Everything on the private network seems to be working fine, meaning that the two instances I've launched can ping each other and the router's private interface. Here's what the router looks like:

(openstack) router show "Router 1"
+-------------------------+------------------------------------------------------------------------------------------------------------------------------------------------------------------------------------------+
| Field                   | Value                                                                                                                                                                                    |
+-------------------------+------------------------------------------------------------------------------------------------------------------------------------------------------------------------------------------+
| admin_state_up          | UP                                                                                                                                                                                       |
| availability_zone_hints |                                                                                                                                                                                          |
| availability_zones      | nova                                                                                                                                                                                     |
| description             |                                                                                                                                                                                          |
| distributed             | False                                                                                                                                                                                    |
| external_gateway_info   | {"network_id": "6e28d867-10e8-48e0-ac02-46c0d7d18d67", "enable_snat": true, "external_fixed_ips": [{"subnet_id": "af5c4630-edce-461b-bf13-274ca833b68a", "ip_address": "192.168.2.20"}]} |
| ha                      | False                                                                                                                                                                                    |
| id                      | ebc1a5f4-28f3-4d9c-9773-ef9e9c17c086                                                                                                                                                     |
| name                    | Router 1                                                                                                                                                                                 |
| routes                  | []                                                                                                                                                                                       |
| status                  | ACTIVE                                                                                                                                                                                   |
| tenant_id               | 16a72508575e4615b0a0b6e1806d6f84                                                                                                                                                         |
+-------------------------+------------------------------------------------------------------------------------------------------------------------------------------------------------------------------------------+

The problem is with the public network.

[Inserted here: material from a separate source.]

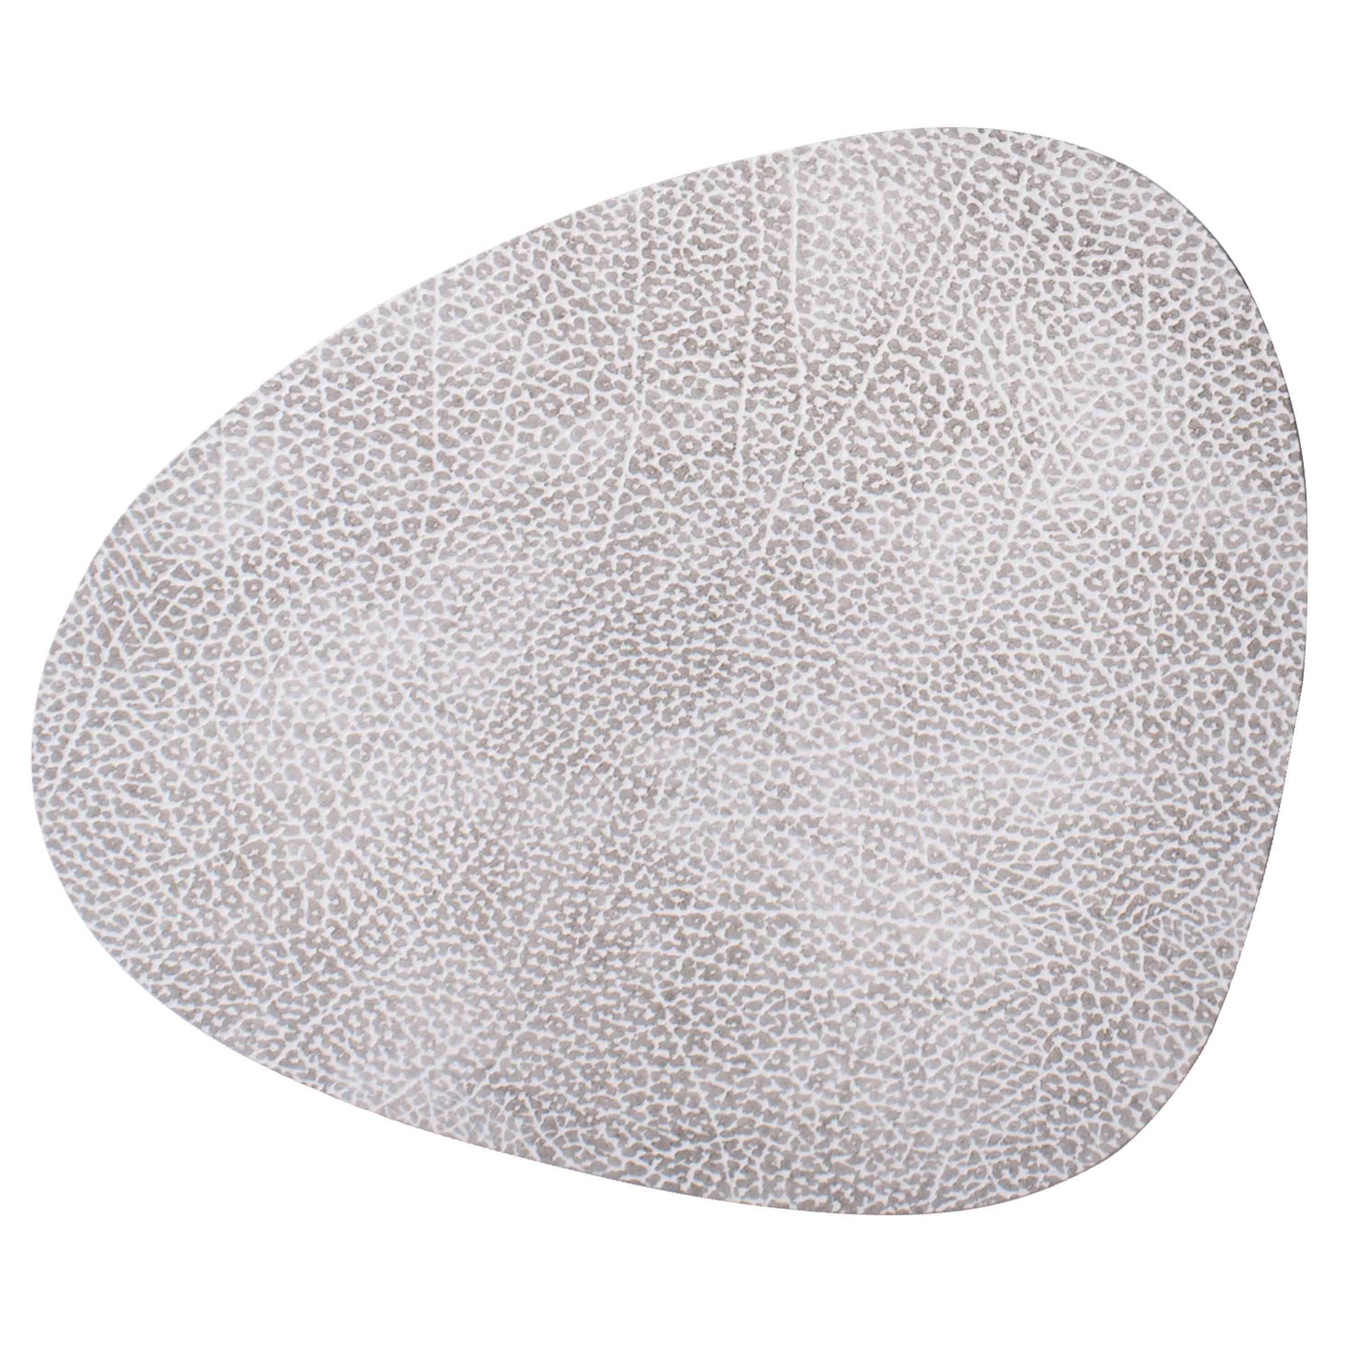 Curve S Table Mat Hippo, 24x28 cm, White/Grey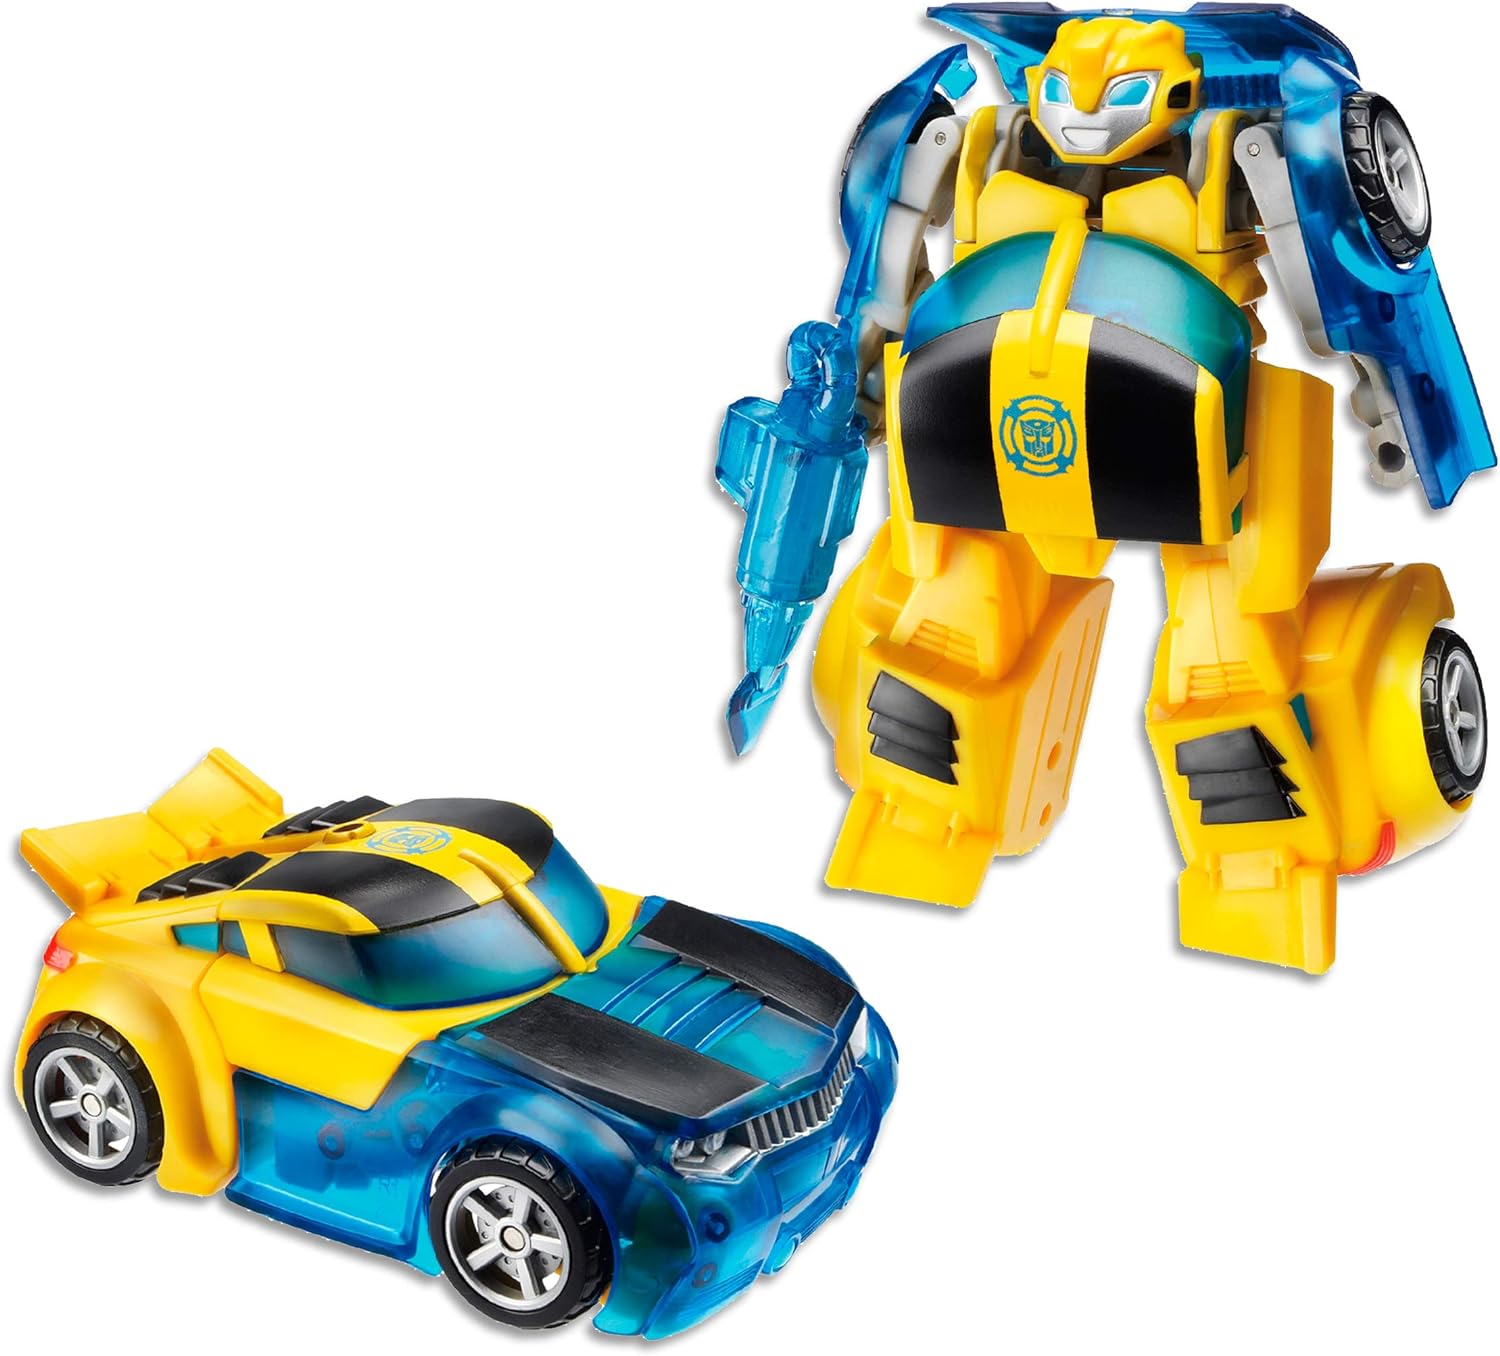 Hasbro Transformers Playskool Heroes Rescue Bots Academy Hot Rod Action Figure

I can't ping any of the the floating IPs from my LAN towards the two VM instances, or vice versa. I can't ping the router's public interface either. I think I've done the hosts' bridging correctly, so there should be no issue there:

[root@localhost ~]# cat /etc/sysconfig/network-scripts/ifcfg-br-ex 
TYPE="OVSBridge"
DEVICETYPE="ovs"
BOOTPROTO="static"
DEVICE="br-ex"
ONBOOT="yes"
IPADDR="192.168.2.205"
PREFIX="24"
GATEWAY="192.168.2.50"
DNS1="192.168.2.50"

[root@localhost ~]# cat /etc/sysconfig/network-scripts/ifcfg-ens32 
DEVICE="ens32"
TYPE="OVSPort"
DEVICETYPE="ovs"
OVS_BRIDGE="br-ex"
ONBOOT="yes"

Here's what the public network looks like:

 (openstack) network show public
+---------------------------+--------------------------------------+
| Field                     | Value                                |
+---------------------------+--------------------------------------+
| admin_state_up            | UP                                   |
| availability_zone_hints   |                                      |
| availability_zones        | nova                                 |
| created_at                | 2016-08-15T19:27:45                  |
| description               |                                      |
| id                        | 6e28d867-10e8-48e0-ac02-46c0d7d18d67 |
| ipv4_address_scope        | None                                 |
| ipv6_address_scope        | None                                 |
| is_default                | False                                |
| mtu                       | 1450                                 |
| name                      | public                               |
| project_id                | 16a72508575e4615b0a0b6e1806d6f84     |
| provider:network_type     | vxlan                                |
| provider:physical_network | None                                 |
| provider:segmentation_id  | 0                                    |
| router_external           | Internal                             |
| shared                    | True                                 |
| status                    | ACTIVE                               |
| subnets                   | af5c4630-edce-461b-bf13-274ca833b68a |
| tags                      | []                                   |
| updated_at                | 2016-08-15T19:27:45                  |
+---------------------------+--------------------------------------+


(openstack) subnet show public-subnet
+-------------------+--------------------------------------+
| Field             | Value                                |
+-------------------+--------------------------------------+
| allocation_pools  | 192.168.2.20-192.168.2.30            |
| cidr              | 192.168.2.0/24                       |
| created_at        | 2016-08-15T19:28:58                  |
| description       |                                      |
| dns_nameservers   | 192.168.2.50                         |
| enable_dhcp       | False                                |
| gateway_ip        | 192.168.2.50                         |
| host_routes       |                                      |
| id                | af5c4630-edce-461b-bf13-274ca833b68a |
| ip_version        | 4                                    |
| ipv6_address_mode | None                                 |
| ipv6_ra_mode      | None                                 |
| name              | public-subnet                        |
| network_id        | 6e28d867-10e8-48e0-ac02-46c0d7d18d67 |
| project_id        | 16a72508575e4615b0a0b6e1806d6f84     |
| subnetpool_id     | None                                 |
| updated_at        | 2016-08-15T19:28:58                  |
+-------------------+--------------------------------------+

The router's external gateway interface shows as "Status = BUILD" though, I was expecting something like "Active".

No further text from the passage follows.